By Jason Watson, CPA
Posted Wednesday, November 1, 2023
Limited Liability Companies (LLCs) are amazingly flexible in structuring a deal. As mentioned elsewhere, you can build an LLC with all kinds of deal structures such as-
- Special allocation of income and losses (including qualified income offsets to maintain compliance),
- Liquidating distributions made in accordance with positive capital account balances,
- Employment agreements,
- Buy-sell and redemption agreements, and
- Options and warrants, including convertible debt.
This list isn’t exhaustive, but what this is telling us is that certain agreements inside and outside the Operating Agreement might make the S Corp election ineffective. Why? Special allocations are simply not allowed in a S Corp. That’s easy. However, the outside agreements such as employment, buy-sell, redemption, options, warrants, debt instruments, etc., can create a second class of stock. As you might recall, an S corporation can only have one class of stock (voting and non-voting is allowed, however) according to IRC Section 1.1361-1.
Let’s use buy-sell or redemption agreements as an example. It is common for business owners to enter into agreements where shares or interest may be redeemed upon a certain event such as a change in ownership or change in control. This in itself does not create a second class of stock. However, if the purchase price is significantly above or below the fair market value of the shares or interest, it might invalidate the S Corp election.
In continuing with our example, there is a safe harbor where book value may be used. In other words, if the purchase price is somewhere between fair market value and book value, this would be a strong argument that the buy-sell or redemption agreement does not create a second class of stock.
The big lesson is that having an entity taxed as an S Corp suddenly truncates some of the flexibility offered by various deal structures and Operating Agreements (and the like). The determination of a second class of stock is largely based on the governing documents. However, whether all shares have equal rights to distribution and liquidation proceeds is ultimately the deciding factor.
Please don’t get too hung up on this. It doesn’t affect 99% of the businesses out there who are exploring an S Corp election.
What happens if you made an S Corp election but perhaps shouldn’t have? There are several Private Letter Rulings from the IRS that are littered with all kinds of examples. Here are some recent ones-
PLR 202053005 (Oct 6, 2020)
PLR 202110002 (Nov 2, 2020)
PLR 202111011 (Dec 22, 2020)
PLR 202124002 (Mar 19, 2021)
A lot of these are after-the-fact “oopsies” where the entity is now asking for relief from the IRS for electing S Corp status when in fact their Operating Agreement or other agreements made the S election ineffective. As a side note, the user fee charged by the IRS can range from $3,000 to $12,600 (and sometimes as high as $38,000). This does not include your attorney’s fee. So, Yes, these PLRs had some big reasons to ask for forgiveness.
What can be done if your entity has “some hair” on its agreements and overall governance? First, you can amend or re-state your agreements to become compliant prior to electing S corporation tax status. But more importantly, the question should be asked, “Why do you need an S corporation election here?”

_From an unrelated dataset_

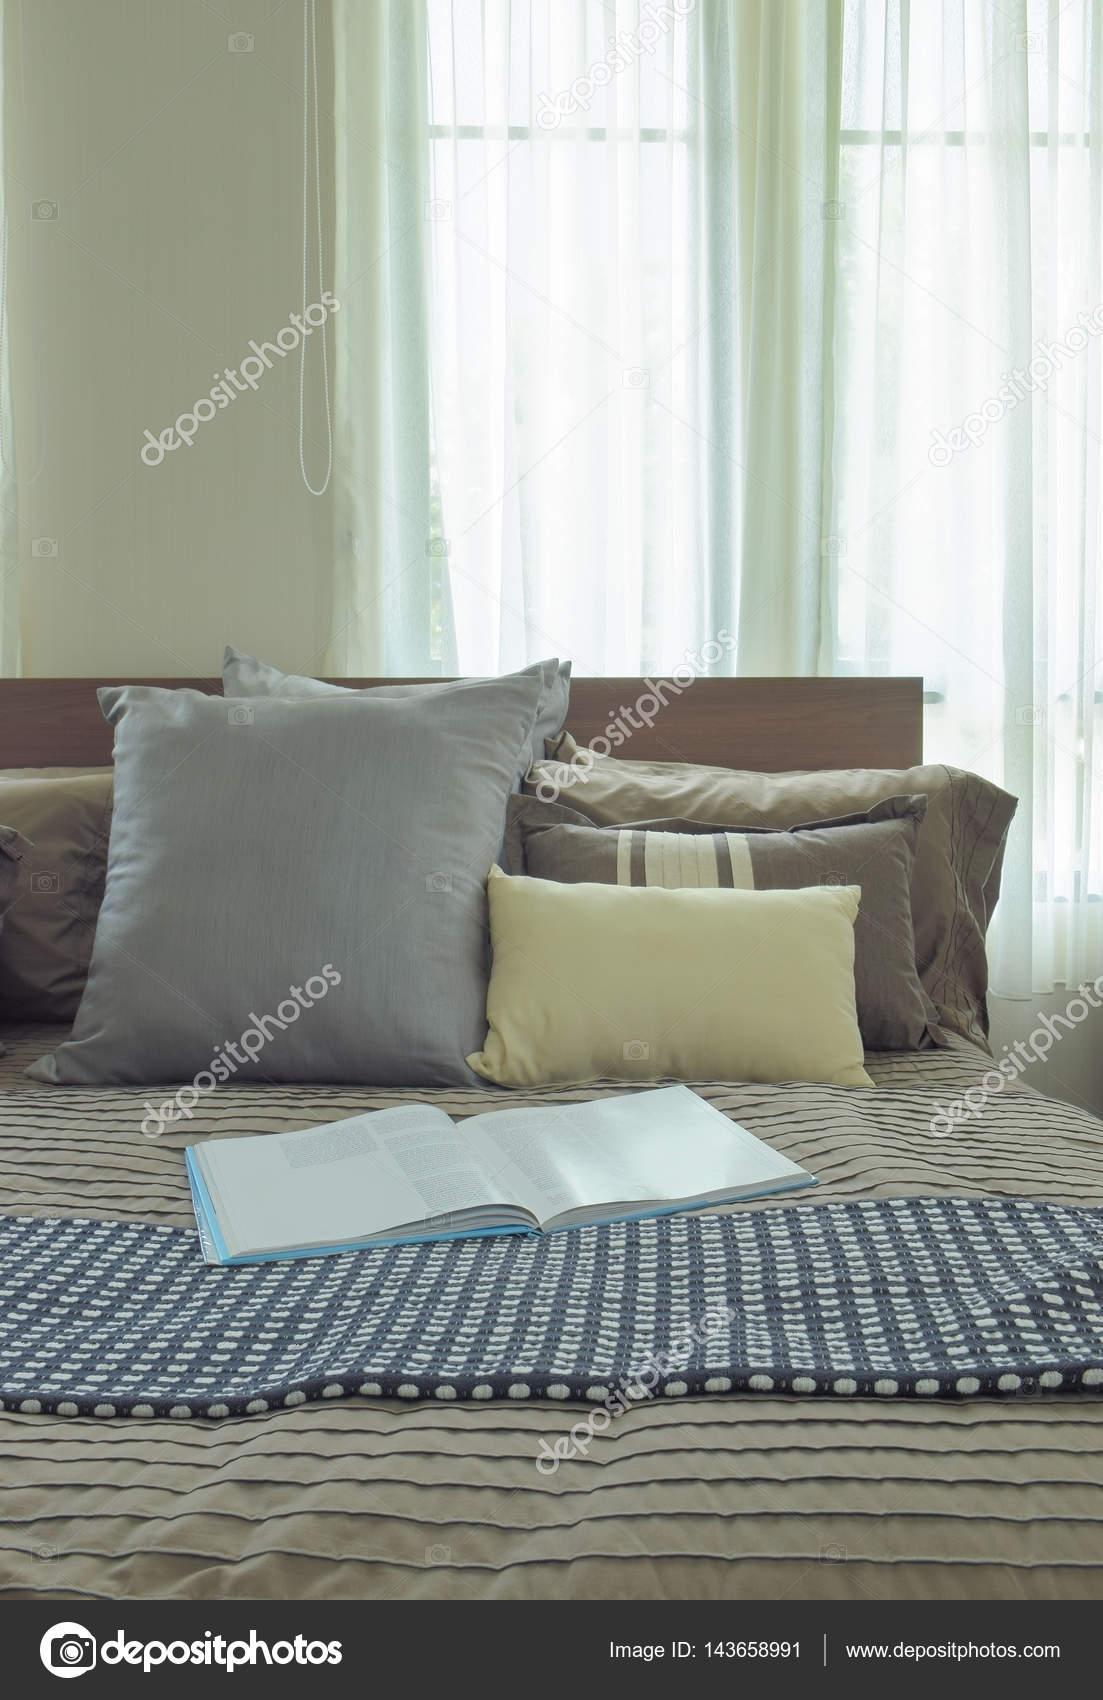 Good rivista sul letto nella camera da letto in stile - Letto giapponese ikea ...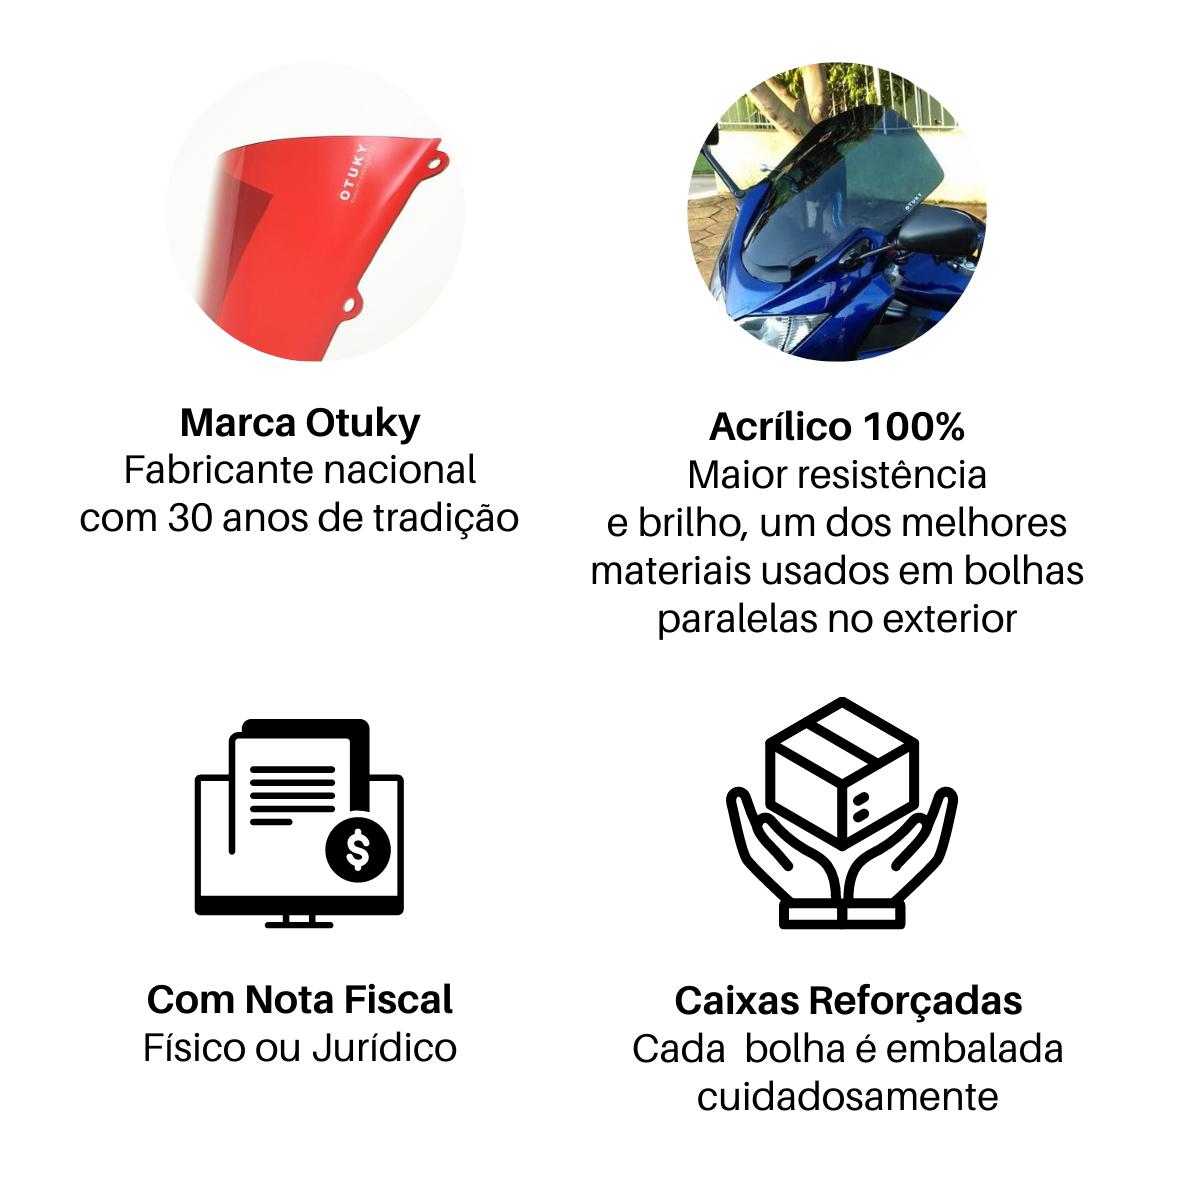 Bolha para Moto GSX 1300 R Hayabusa 2008 2009 2010 2011 2012 2013 2014 2015 2016 2017 2018 Otuky Azul-Escuro

We don’t want to get too far into the weeds with discussions of Q Sub elections where two S corporations are combined (parent is an S corporation and an eligible subsidiary wants to be taxed as an S corporation as well). That’s another book, or at least a thick pamphlet for sure, discussing all the reasons why.
Small Spoiler: Most small business acquisitions are an asset sale versus a stock sale, but if the entity you are acquiring cannot transfer its assets easily, then you might have to purchase the stock and file a Qualified Subchapter S Subsidiary election for the combination. An example would be an entity who has a lucrative long-term government contract that cannot be re-assigned. In this case you would buy the entity as a whole, warts and all, versus just the assets (e.g., government contract).
However, if the objective is pass-through taxation and the avoidance of self-employment taxes associated with the entity’s income, a multi-entity arrangement as discussed in Chapter 2 might be your best bet.